I have been reflecting for over a week, on how the conference has impacted me. It is an example of a best-practice, international arts symposium, with celebrity and established artists, writers and activists from my lifetime, a fascinating body of works and engagements which, is still fresh and relevant in its explorations today and emphasises the size of the pre-existing canon of works out there, if canon it is. It has continued to help me address what is important in the practice of art; its devotional nature. It also reminded me that we work in silos, in worlds constructed from and in a web of interconnected structures, subjects and objects, bound by stereotype, anchored by archetype trying to swim in a torrent of every changing language trying to find islands of meaning. It is a state of perpetual motion.

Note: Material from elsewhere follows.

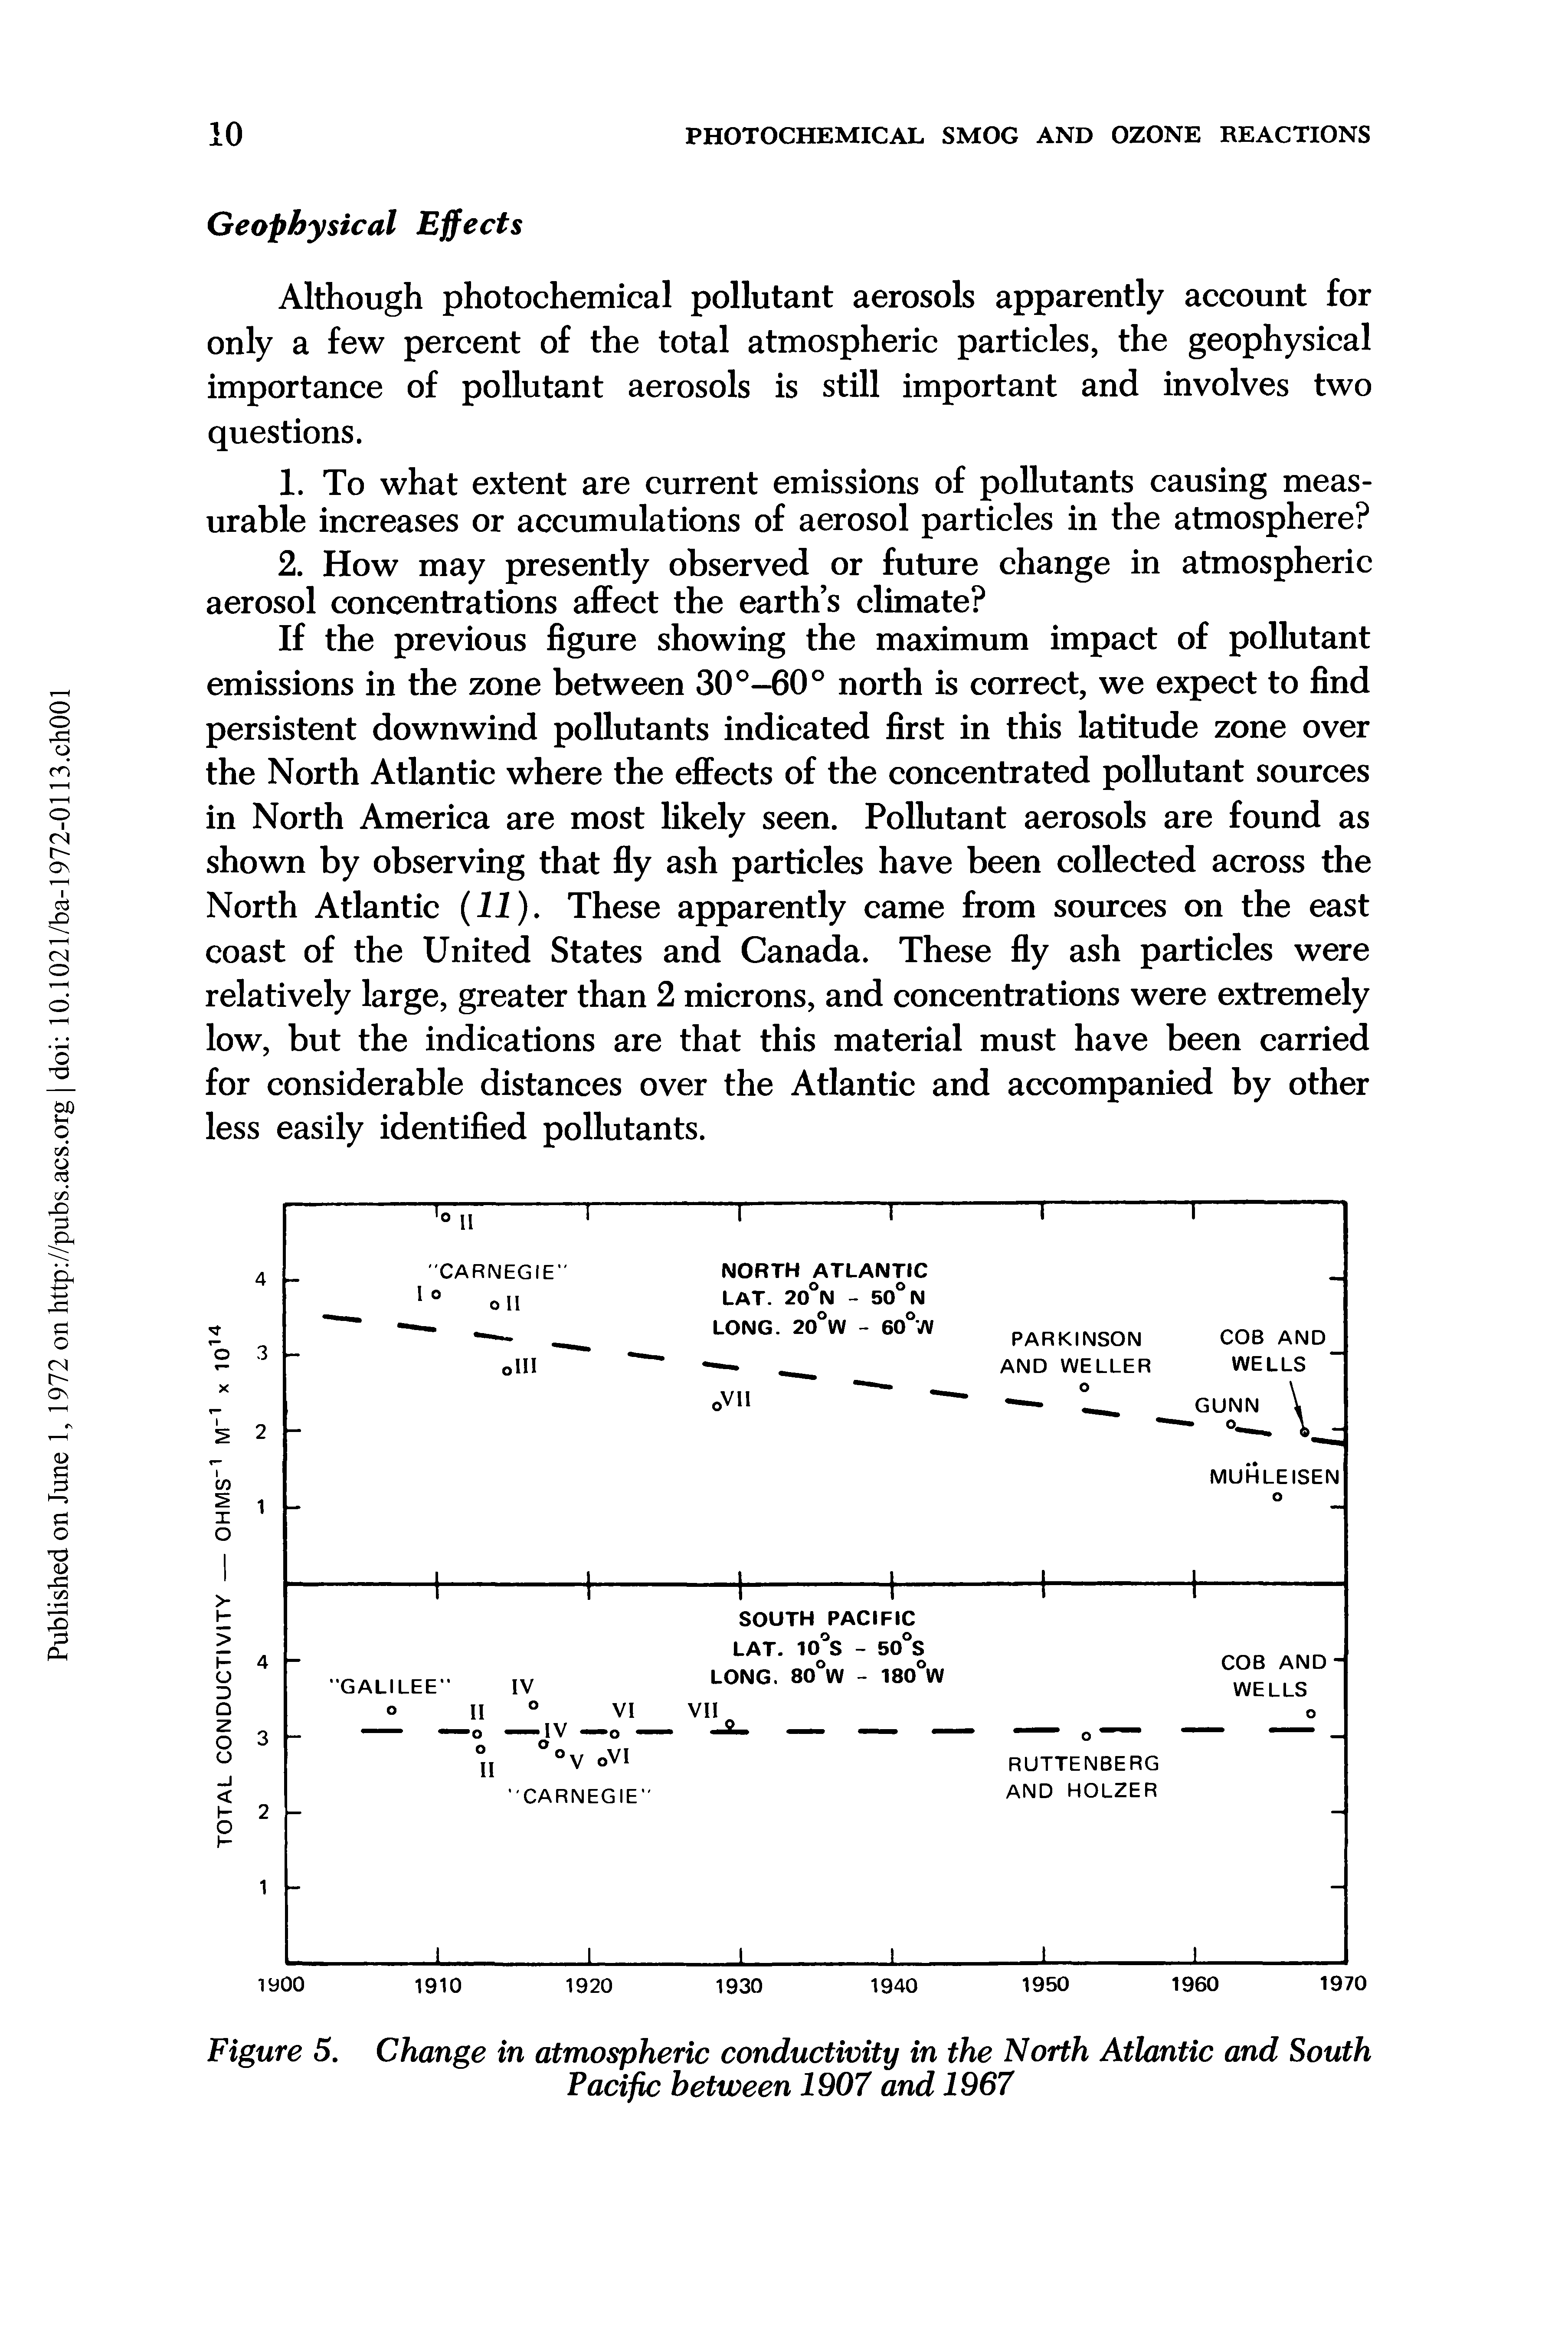 Figure 5. Change in atmospheric conductivity in the North Atlantic and South Pacific between 1907 and 1967...

2020 has been a year when we have been gifted time to reflect. The events ‘Sym-bi-o/Living together at the Limits of Science’ and The Incident combined, represent an attempt to create, across a timespan of 25 years, a reflective and reflexive structure to document and name the work made in a professional context, but also the principles of existence. Not solely name them but to seek the unknown and the ‘great unknowable’ going forward. 

The language we use to describe and understand the world around us has evolved as rapidly as the technology alongside, both seep and creep into our living. Throughout his career, La Frenais has worked tirelessly to create art structures for the documentation of the exploration of the unknowable and to points of adventures to leap from. Rogers too has framed her art and life to formalize, document and shine an artistic and a media lens on them. Both continue to support and create artworks, and the same can be said for the other players in The Incident.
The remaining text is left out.